Melancholie in Zeiten der anbrechenden Globalisierung.
Erzählung über die Liebe. 10 Wochen, 10 Folgen.
Text und Fotos: Vito Avantario
Teil I
Hamburg, Januar 2016.
Ihr Gesicht war aus seiner Erinnerung verschwunden. Er entsann ihren sanften Blick, die Farbe ihrer Iris aber kannte er nicht mehr. Er erinnerte ihr Lachen, die Farbe ihrer Lippen hätte er aber nicht mehr nennen können. Er hatte die Form ihrer geschwungenen Nasenflügel, der zu großen Ohrläppchen, ihrer kindlichen Lücke zwischen den Schneidezähnen wie Fotostudien in einer eigens für sie eingerichteten Kammer seiner Gedankenwelt abgelegt. Messerscharf erinnerte er einzelne Partien ihres Gesichts, doch sie zu einem Ganzen zusammenzufügen, war er nicht in der Lage.
Er nahm eine Blechkiste aus dem Regal seiner Kammer. Darin lagerte er eine vertrocknete Rose, deren Schutzfolie den Aufkleber eines Geschäfts vom Flughafen in Sao Paolo trug. Einen Glücksbringer – ein Glockenspiel mit japanischen Schriftzeichen, die er nicht lesen konnte. Dazu 34 Briefe und Postkarten in brasilianischer Sprache und unzählige Fotos, die sie gemeinsam zeigten.

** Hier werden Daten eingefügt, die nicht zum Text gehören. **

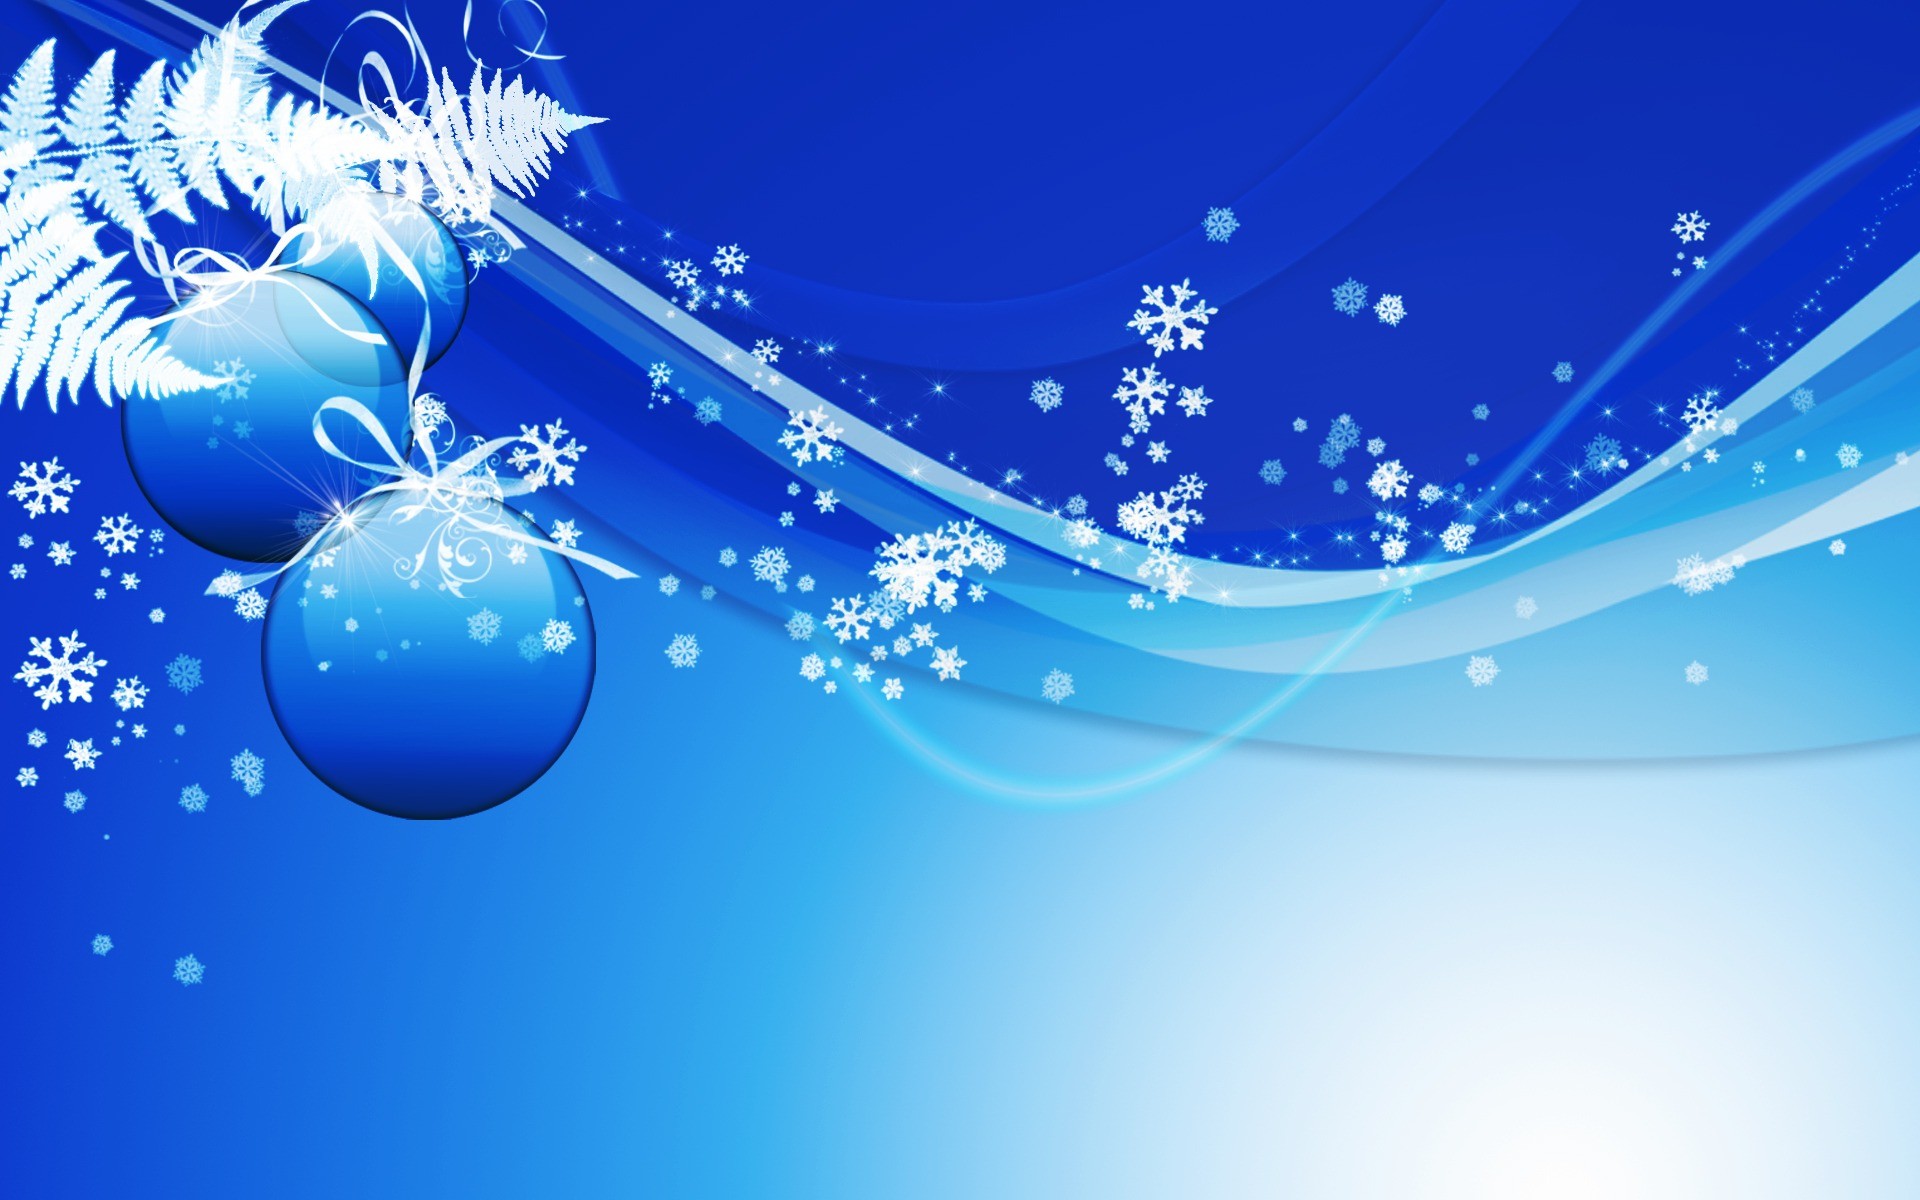 1920x1200 Go back to Free Christmas Wallpapers and Screensavers Next Image .

Ihr Gesicht nun wieder vor Augen, versuchte er sich ihre Stimme ins Bewusstsein zu holen, die er damals, wenn sie gemeinsame Pläne schmiedeten, auf die Echtheit des Klangs überprüfte. Doch so sehr er sich auch bemühte, es gelang ihm nicht. Kein Laut, auch kein Geruch, kein Geschmack, kein Gefühl. Nichts war in seiner bewussten Erinnerung geblieben.
„happy birthday – ilenia@hotmail.com“. Mehr hatte sie in dem Telegramm nicht geschrieben, das nun auf dem Schreibtisch seines Büros vor ihm lag.
Scheibe um Scheibe glaubte er sie sich seit dem Tag ihrer letzten Begegnung vor zwanzig Jahren in Sao Paulo von der Seele geschält zu haben. Jetzt wusste er, er hatte sie samt aller Erinnerungen, die er mit ihr verband, offensichtlich bloß in sich versenkt. Begraben war die Angelegenheit offenbar nicht.
Binnen weniger Momente stieß seine Haut erneut diese Symptome aus, die er aus der Zeit nach ihrer Trennung kannte. Sein Kopf juckte, seine Finger schwollen, an seiner Hüfte sprossen Flechten. Er blickte noch einmal auf das Telegramm und Minute um Minute tauchte jetzt langsam Bild für Bild dieser vergangenen Liebe aus seiner Erinnerung an der Oberfläche auf (…).